System processor 702 represents one or more general-purpose processing devices such as a microsystem processor, central processing unit, or the like. More particularly, the system processor may be a complex instruction set computing (CISC) microsystem processor, reduced instruction set computing (RISC) microsystem processor, very long instruction word (VLIW) microsystem processor, a system processor implementing other instruction sets, or system processors implementing a combination of instruction sets. System processor 702 may also be one or more special-purpose processing devices such as an application specific integrated circuit (ASIC), a field programmable gate array (FPGA), a digital signal system processor (DSP), network system processor, or the like. System processor 702 is configured to execute the processing logic 726 for performing the operations described herein.
The computer system 700 may further include a system network interface device 708 for communicating with other devices or machines. The computer system 700 may also include a video display unit 710 (e.g., a liquid crystal display (LCD), a light emitting diode display (LED), or a cathode ray tube (CRT)), an alphanumeric input device 712 (e.g., a keyboard), a cursor control device 714 (e.g., a mouse), and a signal generation device 716 (e.g., a speaker).

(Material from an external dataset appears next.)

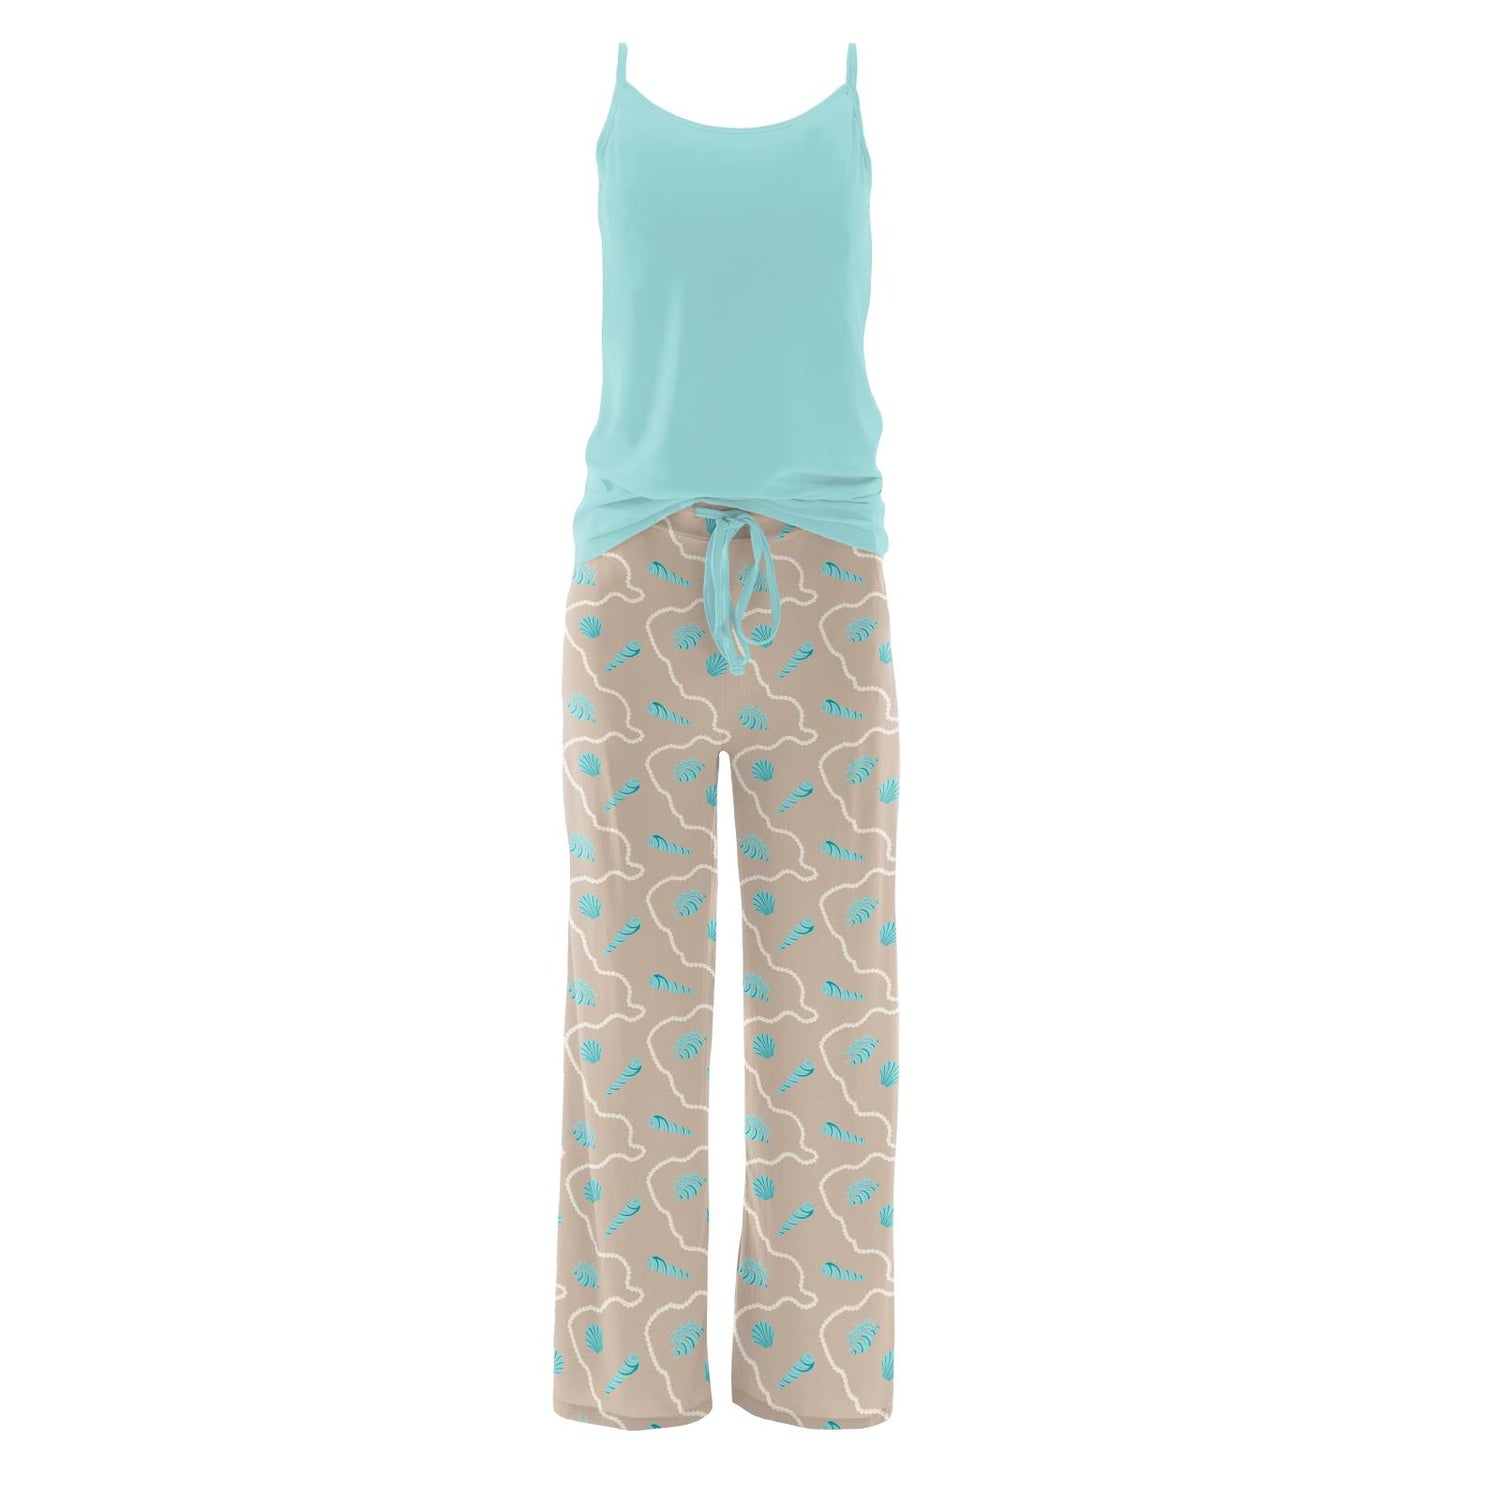 Cami and Print Lounge Pants Pajama Set in Burlap Shells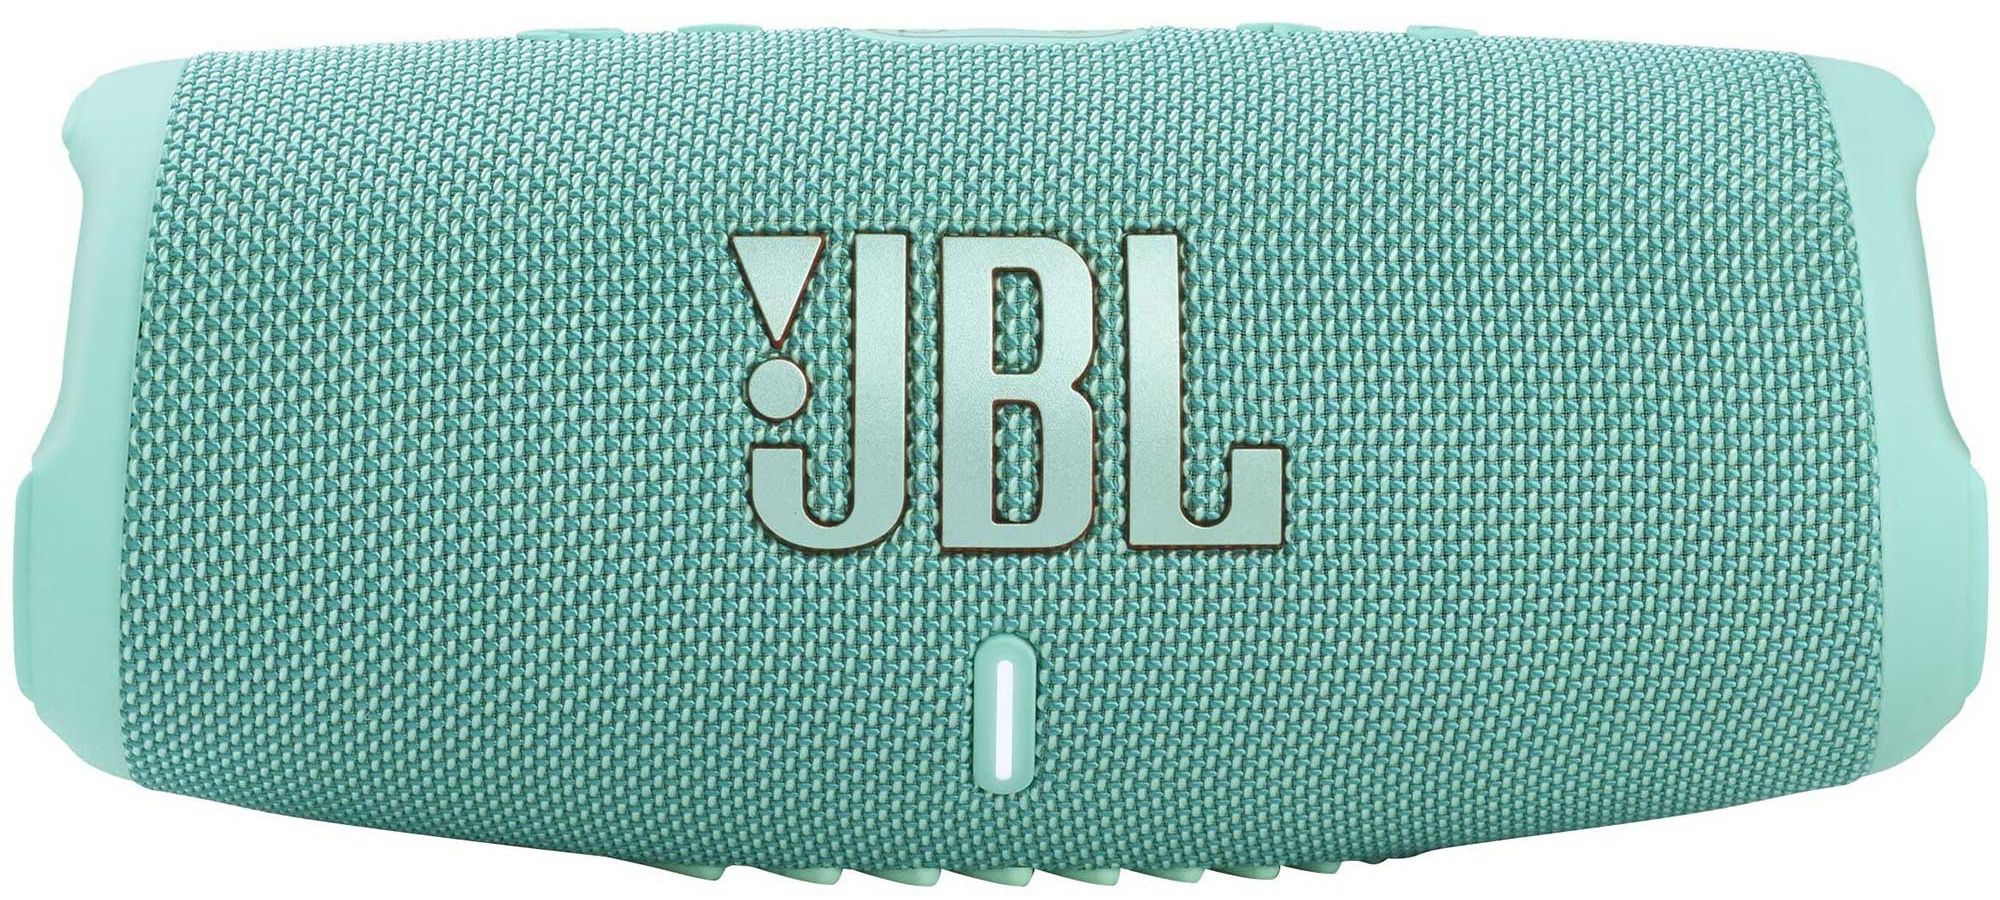 Портативная акустика JBL Charge 5 Teal портативная акустика jbl charge 3 20 вт teal

The secondary memory 718 may include a machine-accessible storage medium 732 (or more specifically a computer-readable storage medium) on which is stored one or more sets of instructions (e.g., software 722) embodying any one or more of the methodologies or functions described herein. The software 722 may also reside, completely or at least partially, within the main memory 704 and/or within the system processor 702 during execution thereof by the computer system 700, the main memory 704 and the system processor 702 also constituting machine-readable storage media. The software 722 may further be transmitted or received over a network 720 via the system network interface device 708. In an embodiment, the network interface device 708 may operate using RF coupling, optical coupling, acoustic coupling, or inductive coupling.
While the machine-accessible storage medium 732 is shown in an exemplary embodiment to be a single medium, the term “machine-readable storage medium” should be taken to include a single medium or multiple media (e.g., a centralized or distributed database, and/or associated caches and servers) that store the one or more sets of instructions. The term “machine-readable storage medium” shall also be taken to include any medium that is capable of storing or encoding a set of instructions for execution by the machine and that cause the machine to perform any one or more of the methodologies. The term “machine-readable storage medium” shall accordingly be taken to include, but not be limited to, solid-state memories, and optical and magnetic media.
In the foregoing specification, specific exemplary embodiments have been described. It will be evident that various modifications may be made thereto without departing from the scope of the following claims. The specification and drawings are, accordingly, to be regarded in an illustrative sense rather than a restrictive sense.